The very role that Loren McDonald fills for Silverpop Systems, a marketing automation provider specializing in “Engagement Marketing Solutions,” exemplifies in large part what engagement marketing is all about.

“My role is full-time thought leadership,” he says. “I do webinars, speaking opportunities at conferences, blog, write articles and columns, do press interviews and conduct research and studies – which are all components of where marketing is headed, what I call Marketing 3.0. It’s more about engagement and content than it is about promotion.”
 

Old-School Push

McDonald notes that old-school marketing – what he calls Marketing 1.0 – was all about push: “It was about companies reaching out trying to acquire customers through list rental, direct mail, mass media – going out there after customers.”

Marketing 2.0, on the other hand, has emerged in the last several years with the Internet, digital technology and other tools, giving consumers the ability to find a company or a product. “It’s not just companies trying to grab consumers,” he says, “but consumers saying, ‘I’m going to go out and do my research and go to all these sources in the digital world to find the product or the company that I want to do business with.’”
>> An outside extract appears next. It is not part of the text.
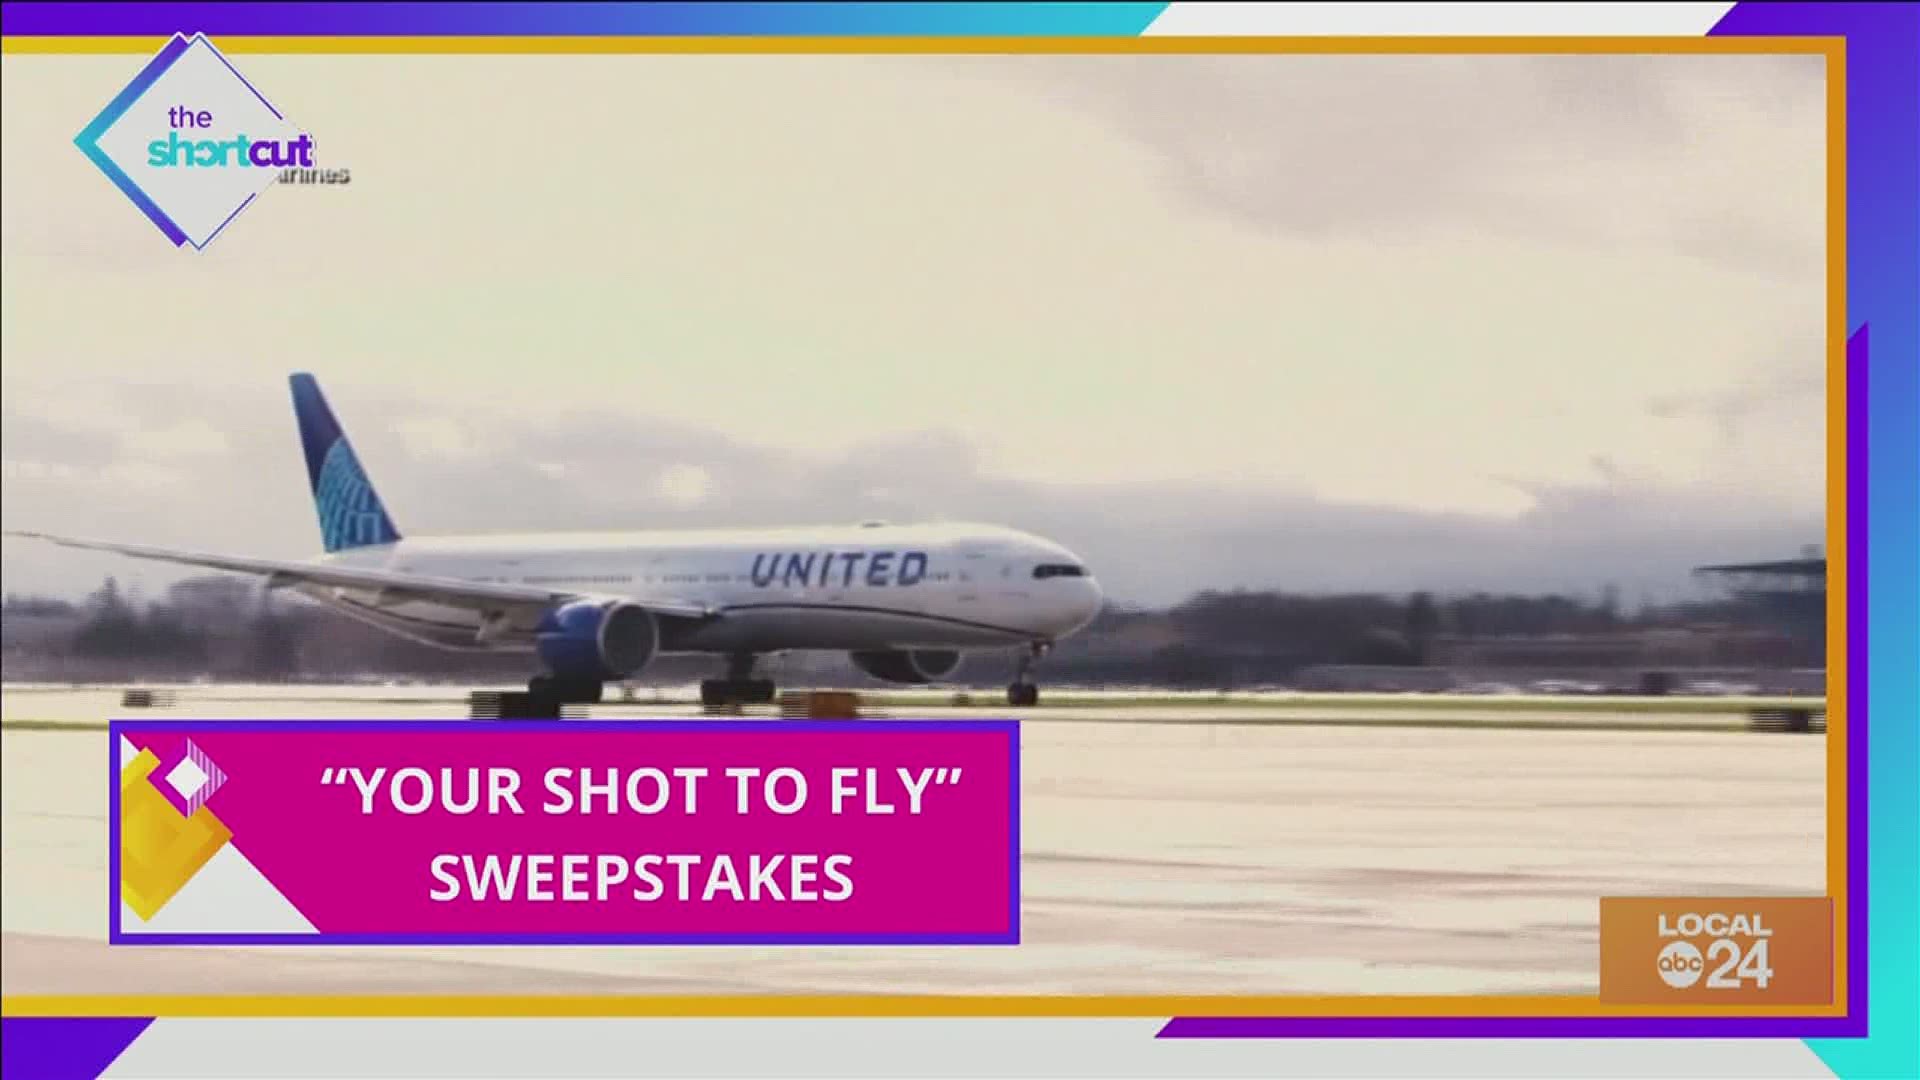 Join Sydney Neely as we take a closer look at United Airline's "Your Shot to Fly" sweepstakes! All that you need is your vaccine card and you'll be entered to win!

With the explosion of social networks, social media and other forms of user-generated content, marketing has undergone yet another evolution – what McDonald calls Marketing 3.0 or “engagement marketing,” which goes consumer to consumer to company. “Now,” he says, “marketing is about people posting on Twitter, LinkedIn, Facebook and other online communities and saying, ‘Hey, I travel a lot, and I’m looking for a lightweight laptop. What do you guys recommend?’ Consumers are talking to other consumers, who then lead to the product and the company.”

What this means for marketers, McDonald explains, is that “you can’t just push out your message. You have to go where the consumer, the customer, or the prospect is and reach out and engage them with content that helps educate them and helps make them fans and fanatics about your brands and products with content that helps them make that buying decision in a less promotional context.”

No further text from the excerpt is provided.